Ces dix derniers jours, comme un coup du destin, deux femmes remarquables, qu’on aurait tant garder pour toujours auprès de nous, s’en sont allées. Marceline Loridan Ivens le soir de Kol Nidre, Ida Grynspan ce mardi zikhronam livrakha, et leur témoignage de première main sur la Shoah disparaît avec elles.  Elles étaient nos compagnes de voyage, des veilleuses et parfois aussi des déclencheuses d’alerte. Elles avaient dédié leur vie à la transmission de la mémoire d’une des pires horreurs du 20è siècle. Leur disparition nous interroge : saurons-nous continuer ce travail et comme elles le transformer en force de vie en nous battant contre le relativisme et le négationnisme florissants ?

Cet homme sans tête est aussi une sorte de miroir qui nous est renvoyé: quel être vivant sommes-nous ? Car on peut continuer à vivre en n’étant plus vraiment là, perdre sa tête mais au sens figuré.  Etre présent physiquement, avec le loulav à la main, mais absent à soi-même, en perte de repères et de sens.

On peut se plier au rituel, faire les choses très méticuleusement, par habitude, mais sans savoir pourquoi, ni pour qui ?

L’homme sans tête est comme un homme sans boussole, il a perdu le sens et les valeurs. C’est un des risques majeurs qui nous guette nous les vivants, ici et maintenant. C’est alors que m’est revenu en mémoire cet article d’Avraham Burg, ancien président de la Knesset et de l’agence juive, qui a écrit l’an dernier à l’occasion de Roch HaChana un article qui m’a profondément marquée. Il parlait des trois principales fêtes de Tichri et de leurs messages. Roch HaChana représente l’alliance universelle avec la nature, Yom Kippour qui est une fête particulariste et nous enjoint de faire un retour sur ses actions envers Dieu et son prochain. Et enfin la fête de Souccot qui interroge collectivement le peuple juif. Comment nous comportons-nous ensemble, entre nous et envers les autres peuples ? Sommes-nous dans l’ouverture ou le repli identitaire ?

Ce repli qu’il dénonçait dans son article, s’est encore accentué ces douze derniers mois, il se développe dangereusement aussi bien en Diaspora qu’en Israël. Ces fêtes de Tishri qui se terminent sont l’occasion de faire un bilan et de décider dans quel monde nous voulons vivre à l’avenir.
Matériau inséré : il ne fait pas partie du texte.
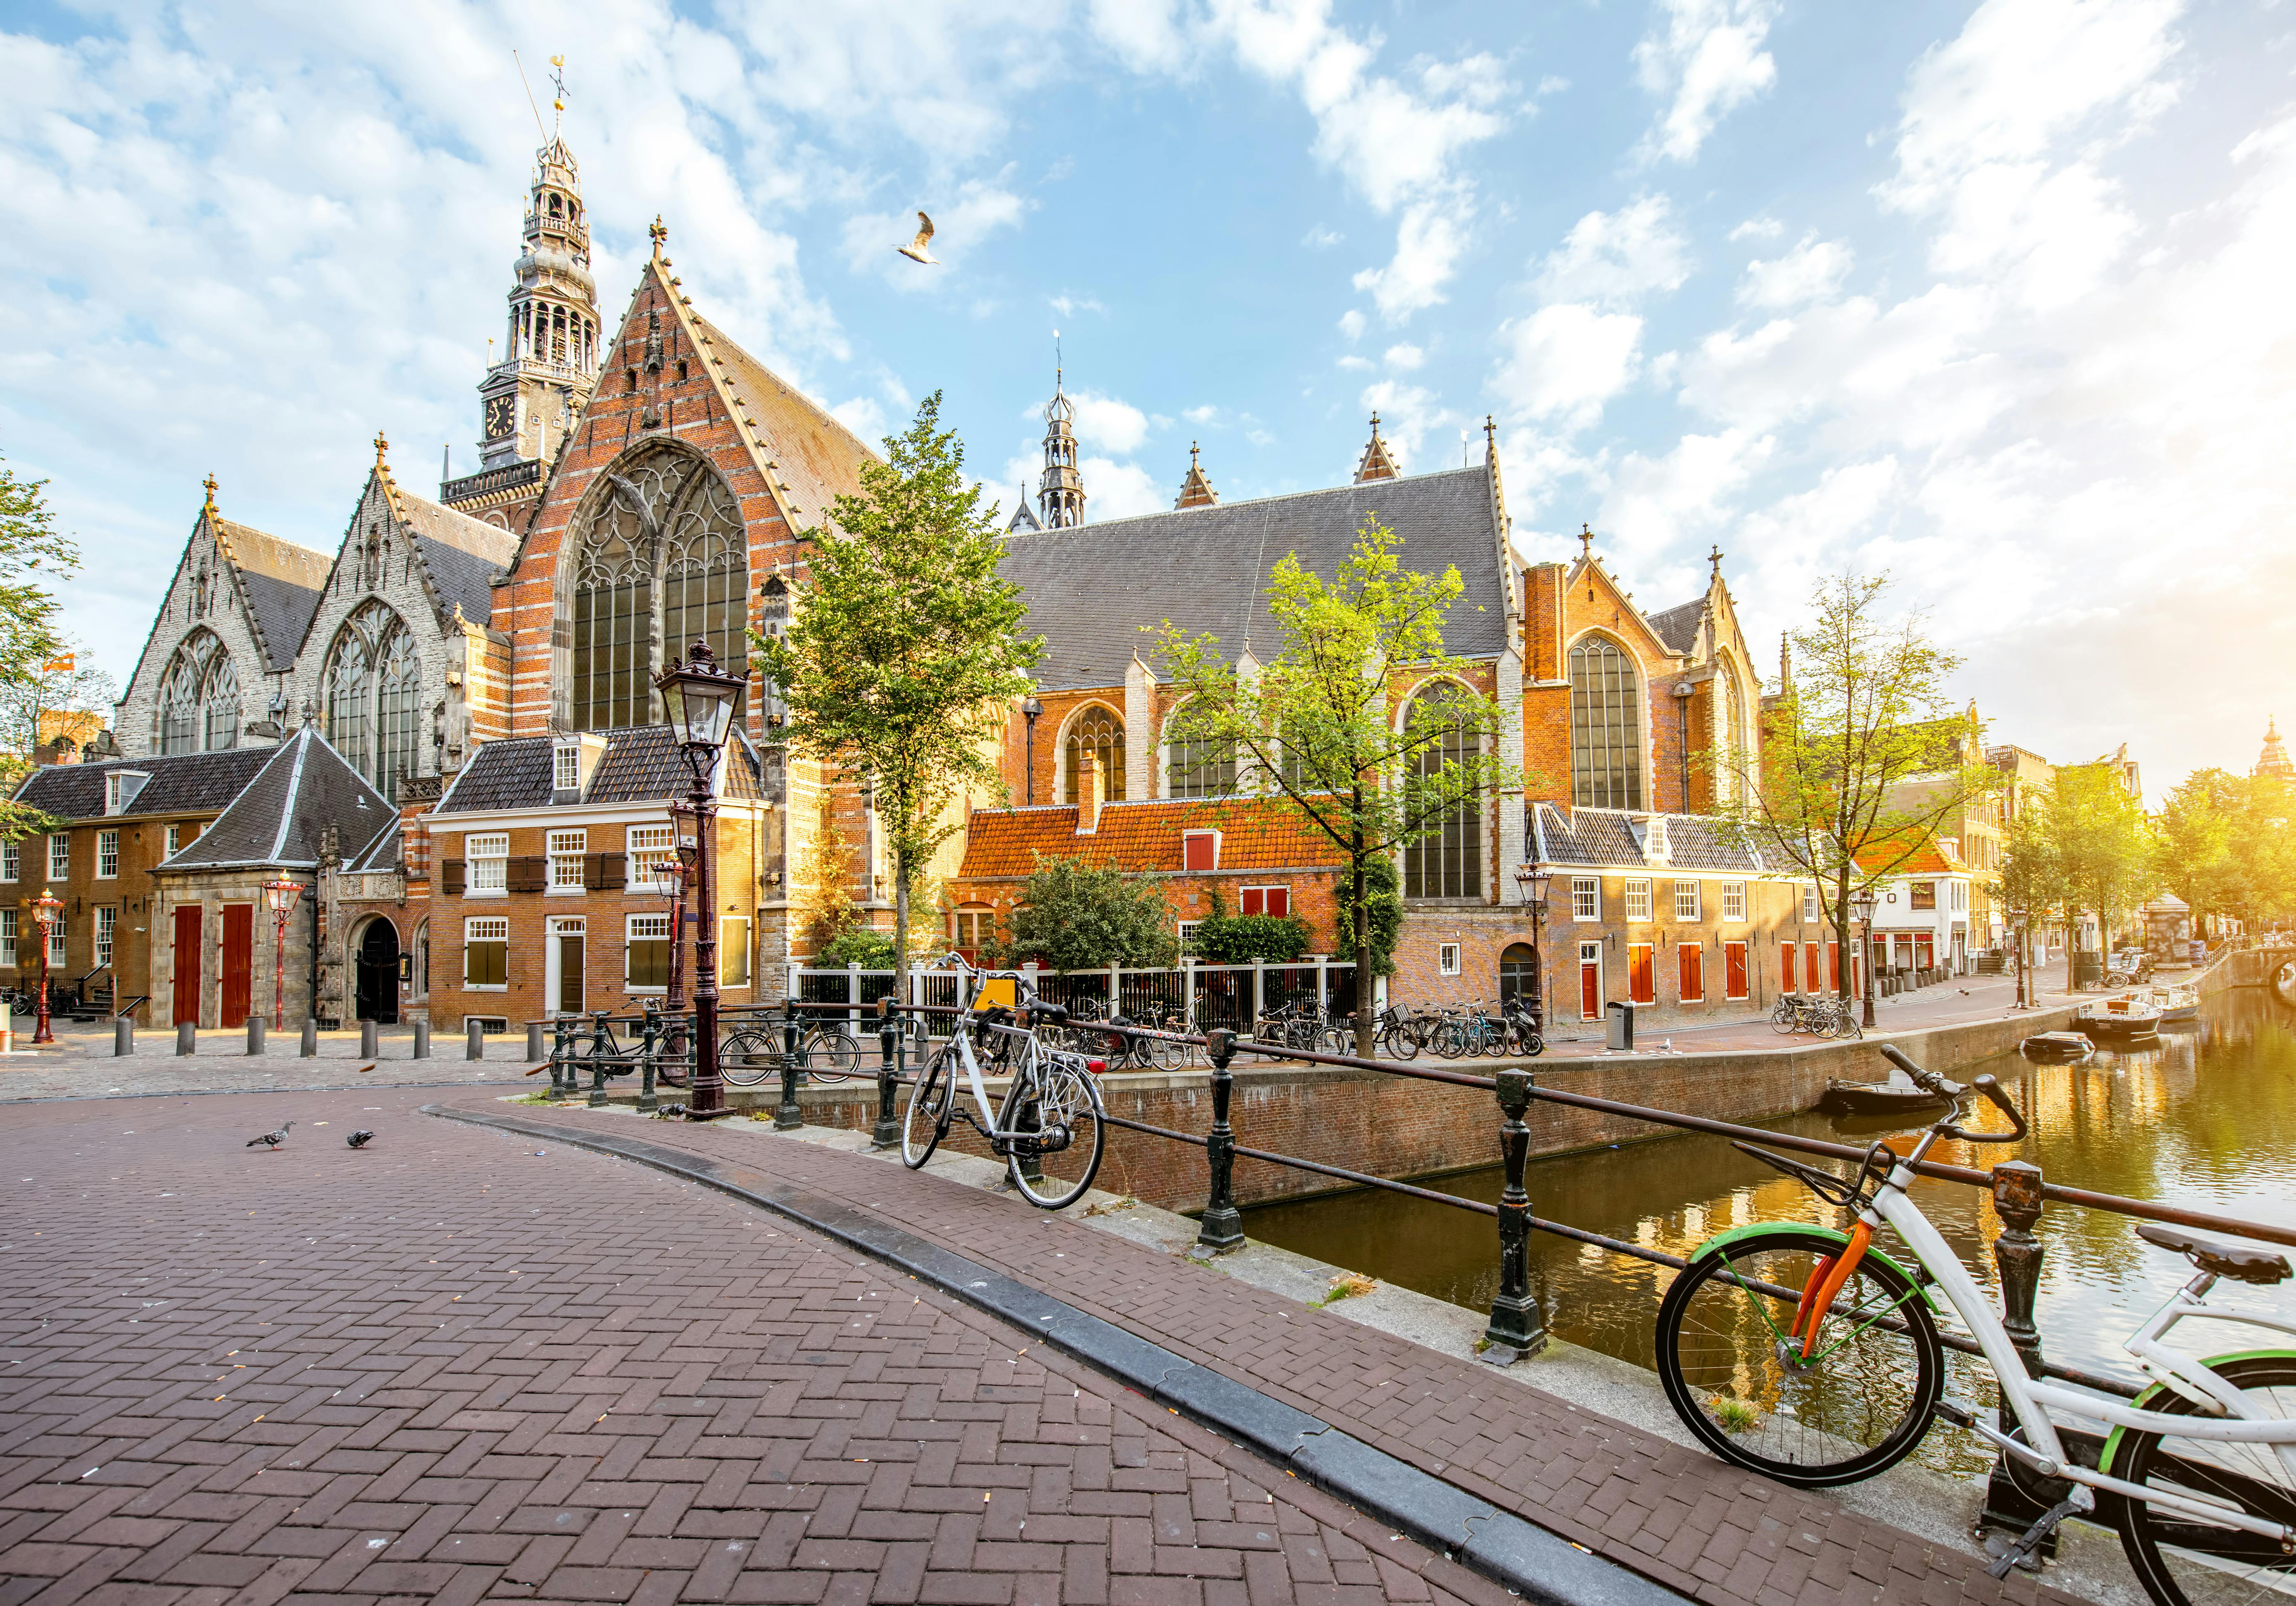 Smart wandeling in Amsterdam met een interactief stadsspel

Un monde où on garde en tête et met en pratique nos valeurs de tikkun – réparation, ou un monde où on préfère être absent à nous-mêmes et nous oublier en tant qu’Hommes avec un grand H.
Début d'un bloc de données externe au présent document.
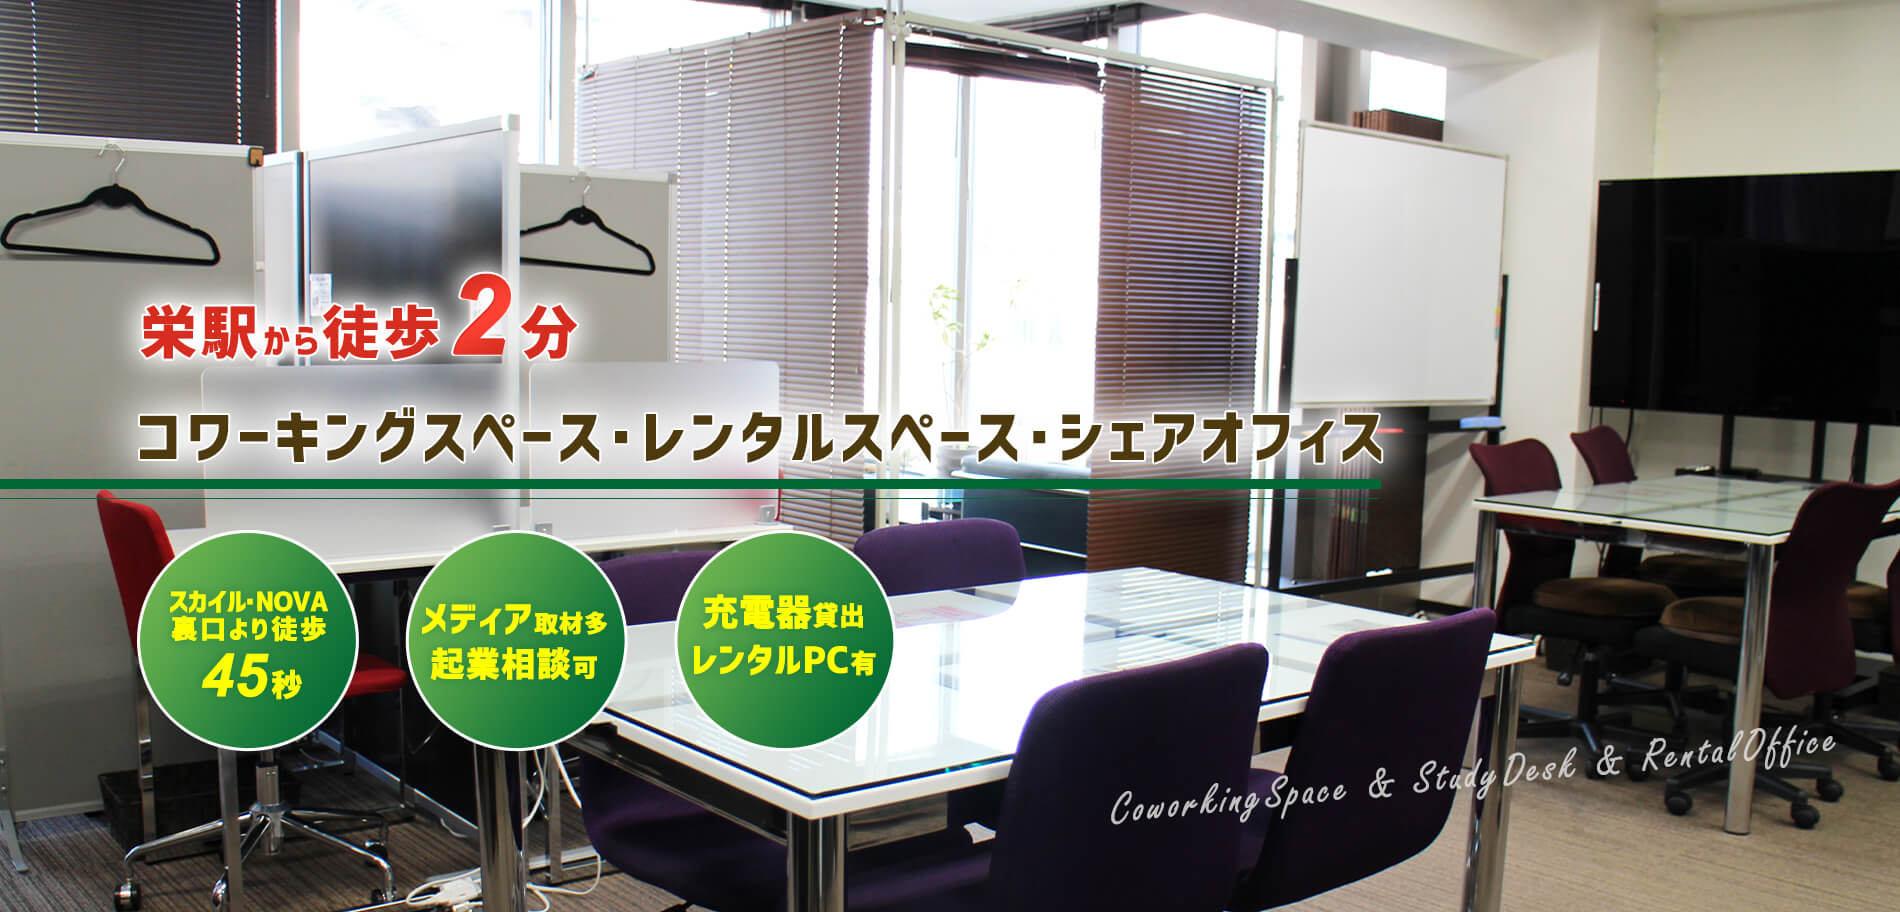 栄コワーキングスペース自習室

Comme Dieu scelle son jugement à Hochana Rabba, prenons nous aussi nos engagements à cette occasion pour l’année à venir : sur quoi pouvons-nous agir ? Et comment ? Qu’est ce qui donnerait plus de sens à notre vie ? Que ce soit dans le domaine de l’environnement, de la politique, de la reconnaissance de la diversité du judaïsme, des relations hommes/femmes il y a tant d’aspects de nos vies où notre engagement est nécessaire, afin de mieux faire entendre notre voix.

Selon le Zohar, le toit de la Soucca s’appelle la tzila dehemnouta, c’est de l’araméen, en hébreu ça donne tzel haemouna, Bien que d’apparence fragile, la Soucca nous révèle à nous-mêmes et nous met à l’abri, à l’ombre de notre ferme croyance. La croyance que tant qu’on a une tête bien arrimée à notre corps, on a la chance de choisir, décider et agir pour améliorer le monde qui nous entoure.

Ken yhie ratzon,

Chabbat shalom !

[1]http://blog.nli.org.il/losing_your_head/?utm_source=activetrail&utm_medium=email&utm_campaign=toche23sep2018&_atscid=3_2269_160086641_9717774_0_Tzwttawweedchhuccww

[2] 4 espèces qu’on utilise dans le cadre du rituel de souccot.